The food business performed well in the first half, but management revised down margin expectations for clothing and home
November 6, 2019

The Marks and Spencer (MKS) results broadcast began with an admission: management had originally intended to title the results “transformation beginning to bear fruit”, until the supermarket’s non-executive directors responded “not that much fruit”. In the event, it went with the suitably airier: “far reaching change – delivered at pace”.

IC TIP: Sell at 187p

We can see both perspectives. On the one hand, it would hardly be the first time the group had touted its revitalisation – the title of its 2018 full-year presentation was “transformation underway” – while challenges remain in plain view.
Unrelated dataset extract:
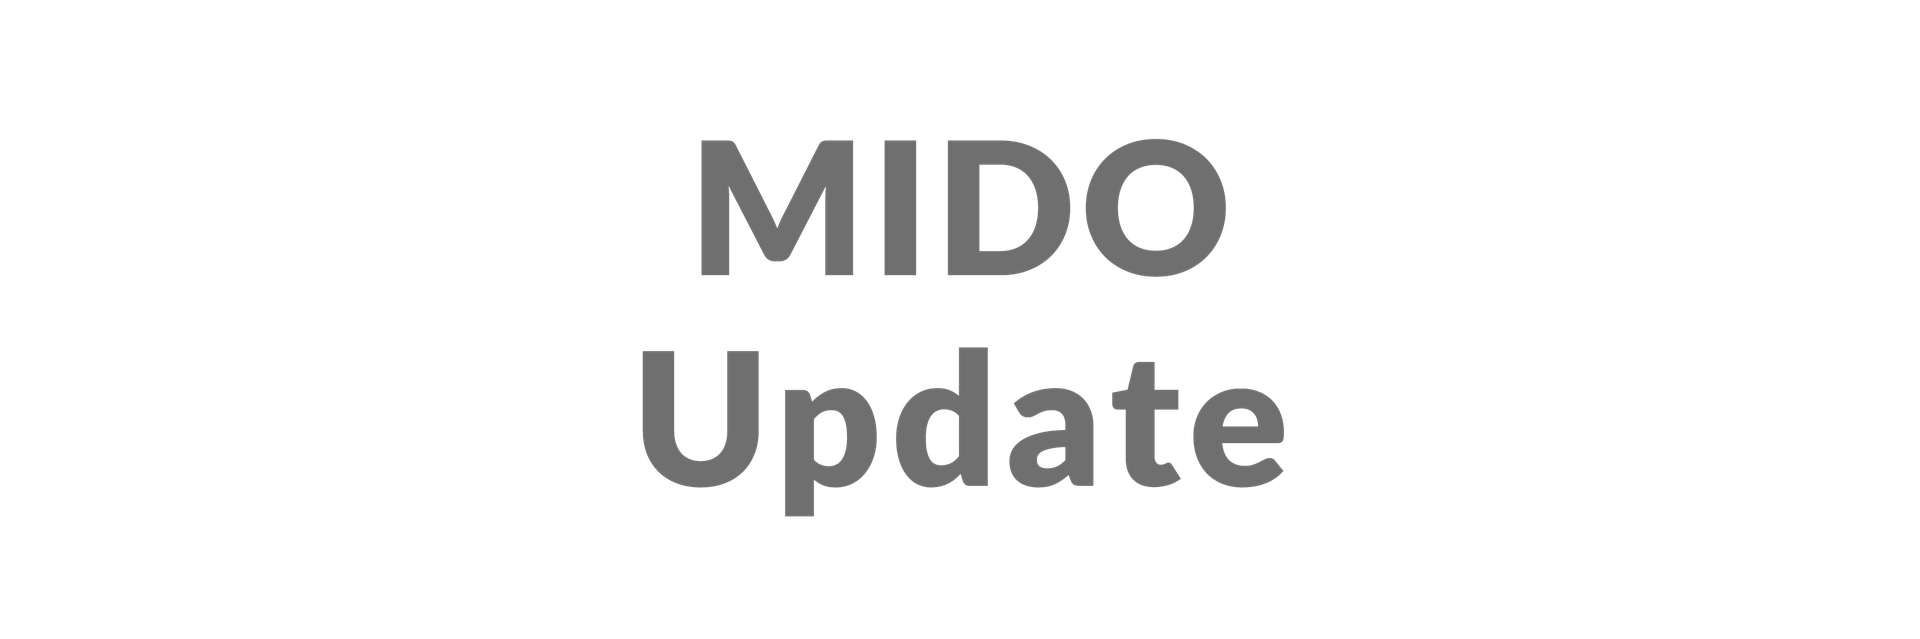 MIDO update

Adjusted pre-tax profits were down 17 per cent to £177m, for example, despite the burden of adjusting items coming in more than £89m lighter than last year. 

However, it would be glib to ignore the real progress management has made. The food division, which accounts for 59 per cent of revenues and just shy of half of UK gross profits, increased like-for-like sales by 0.9 per cent, with accelerating growth in the three months to 28 September. 

Management has been reducing prices on staples such as milk and chicken, while cutting promotional activity in half. It now expects the division’s sales to be broadly flat for the full year, versus a 1 per cent decline previously. Gross margins are expected to stay within 25 basis points above or below the current 31 per cent level, although that metric did slip 20 basis points during the first half.

A store closure programme has also been under way – catch-up, management says, for a lack of churn in the estate in previous years – and the result has been to push sales in the clothing and home division down 7.8 per cent in the period. The closures are not going to let up, either – sales for the division are expected to end the year down by 2-3 per cent, while the group now expects gross margins to fall 25-75 basis points, versus previous expectations of 25 basis points above or below the current level.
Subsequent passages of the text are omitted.